ConditionSet(x, Eq(x**2 - a, p*y), Integers)
>>>
>>> # Hmm, that's a generic solution for x in terms of the parameters.
>>> # Makes sense because we don't have concrete values for p, a, or y yet.
>>>
>>> sol_x2 = solveset(eq2, x, domain=S.Integers)  # Solve eq2 for x
>>> sol_x2  # Alright, let me look at this one too.
>>> # >>> ConditionSet(x, Eq(x**2 - b, p*y), Integers)
>>>
>>> # Okay, so I have the solution sets for x in eq1 and eq2.
>>> # Now, let's think about what needs to happen for eq3 to have integer solutions.
>>>
>>> # eq3 implies x^2 ≡ ab (mod p) when reduced modulo p.
>>> # If a and b are quadratic residues modulo p, then their product ab should also be.
>>> # I know there's a property about the product of quadratic residues modulo a prime.
>>>
>>> # But let me explicitly check if solving eq3 gives integer solutions.
>>> sol_x3 = solveset(eq3, x, domain=S.Integers)  # Solve eq3 for x
>>> sol_x3  # Does this give us something valid?
ConditionSet(x, Eq(x**2 - a*b, p*y), Integers)
>>>
>>> # Hmm, this matches what I expected! x^2 ≡ ab (mod p) implies solutions exist
>>> # as long as ab is a quadratic residue mod p.
>>>
>>> # To confirm, I need to remember why a and b being residues implies ab is a residue.
>>> # Ah, right!
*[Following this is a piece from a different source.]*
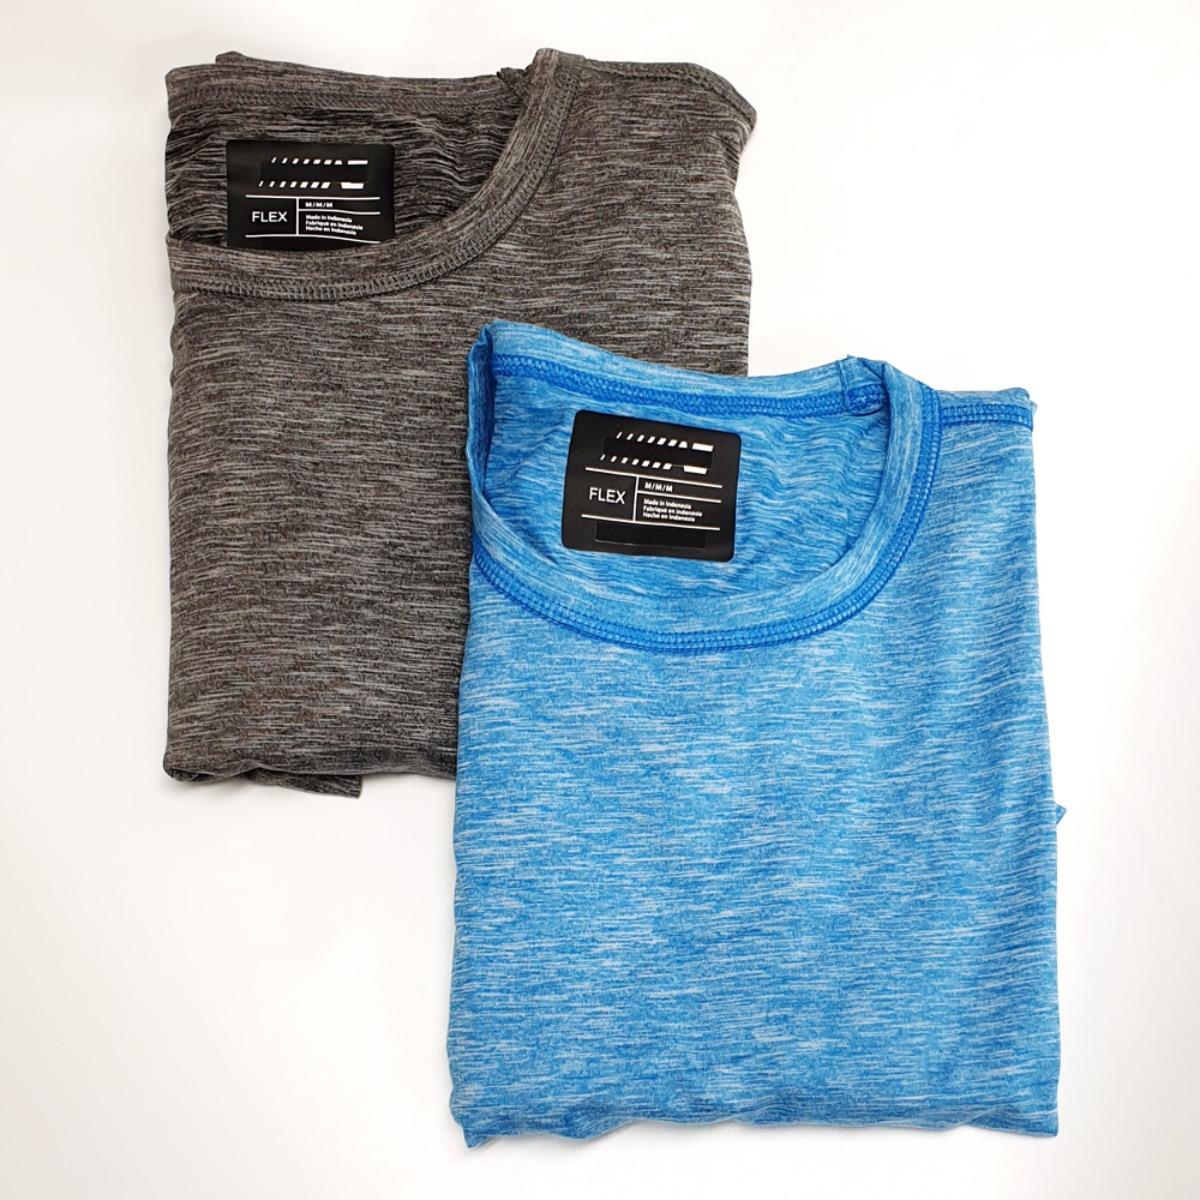 big2b 남녀공용 냉감 쿨 반팔 티셔츠

The Legendre symbol tells us (a/p) * (b/p) = (ab/p),
>>> # and both (a/p) and (b/p) are 1 because a and b are residues.
>>>
>>> # So, if eq1 and eq2 have solutions, a and b are residues mod p,
>>> # and their product ab is also a residue mod p. That ensures eq3 has solutions too.
>>>
>>> # Final confirmation: we have integer solutions for x in eq3 if integer solutions exist for eq1 and eq2.
>>> # That settles it!
>>>
>>> sol_x1, sol_x2, sol_x3  # Let's print all these solutions for the final check.
(ConditionSet(x, Eq(x**2 - a, p*y), Integers),
ConditionSet(x, Eq(x**2 - b, p*y), Integers),
ConditionSet(x, Eq(x**2 - a*b, p*y), Integers))
>>> # Solutions are correct.
>>> submit_final_answer(sol_x1, sol_x2, sol_x3)

The fast feedback loop affords us a few crucial things:

It's also able to recover from errors (such as syntax/import/unexpected result) in real time
It can learn from it's mistakes and recover mid-trajectory
Each line execution can be used as a reward or punishment (ie: -0.3 for syntax error)

Another example of more traditional agentic function calling:

def weather(city: str) -> str:
    return "The weather in Seattle is 40 deg F and sunny all day."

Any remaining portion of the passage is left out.